Boxing Monthly
- Categories: Sport
- Frequency: Monthly
- Founded: 1989
- Final issue: May 2020
- Company: Kelsey Media
- Country: United Kingdom
- Based in: Cudham
- Language: English
- Website: www.boxingmonthly.com
- ISSN: 0956-098X

= Boxing Monthly =

Boxing Monthly was a London-based, worldwide monthly boxing magazine.

==History and profile==
Boxing Monthly was founded in May 1989. The monthly periodical was mainly feature-based, with a focus on UK and international fighters. It included expert columns, analysis, extensive reports from around the world, British and World Ratings and book reviews.
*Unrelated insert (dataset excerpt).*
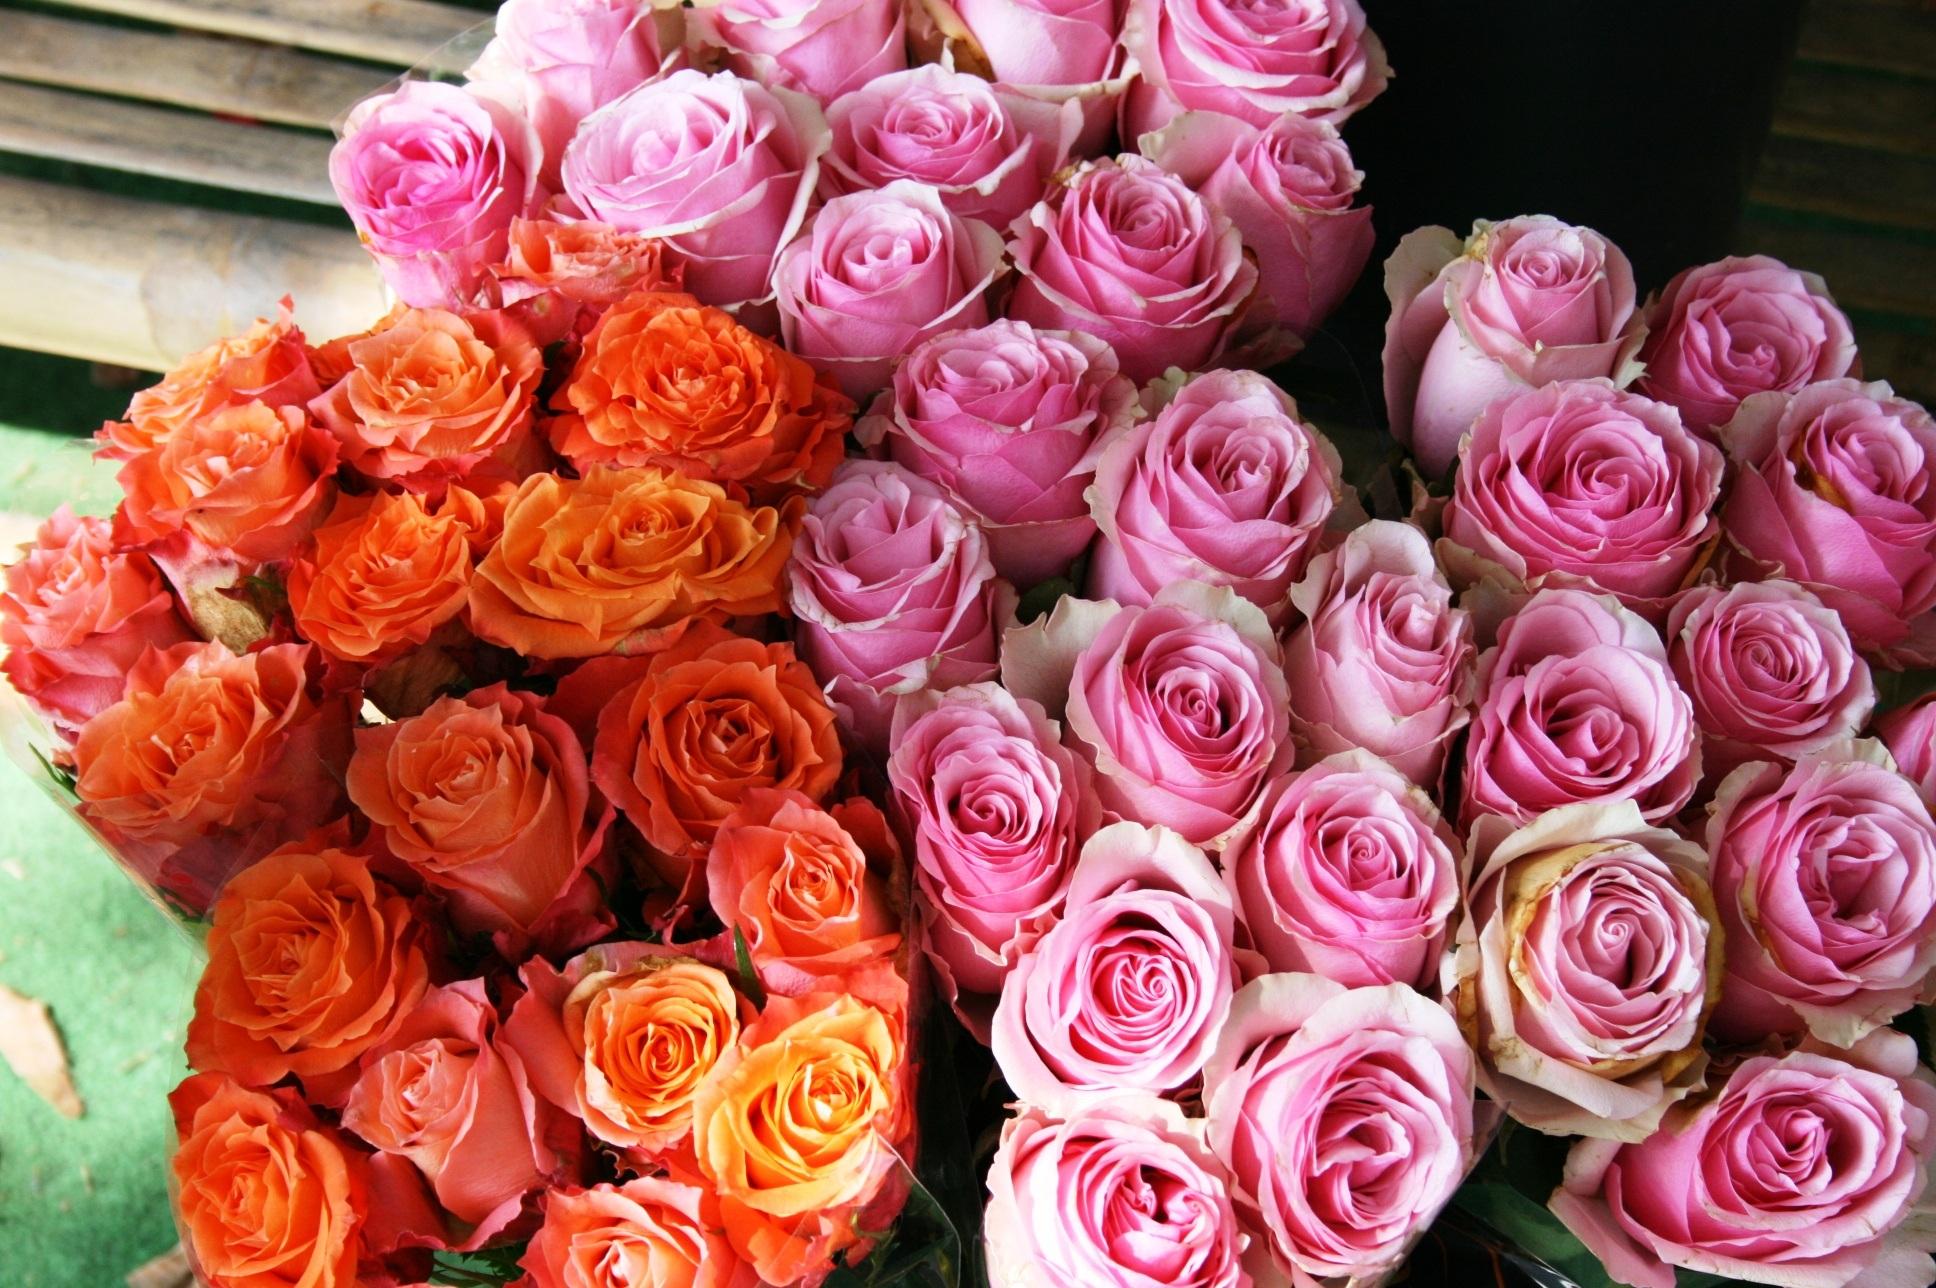 menanam bunga daun bunga mawar merah berwarna merah muda

Barry J. Hugman was the launch editor in April 1989. He was followed by Ian Probert and George Zeleny. Glyn Leach became assistant editor in 1990 and editor in 1992 until his death in 2014. The title was launched alongside Boxing Weekly, which was seen as a direct competitor to Britain's other weekly boxing paper, Boxing News. Boxing Weekly proved unsuccessful and folded inside a year. The monthly magazine proved more popular, with a readership of approximately 25,000. International Boxing Hall of Fame inductee Graham Houston was its editor at the time it ceased publication, having taken over duties upon Leach's death.

It was announced in March 2020 that the May 2020 issue would be the last, thus ending the publication after 31 years.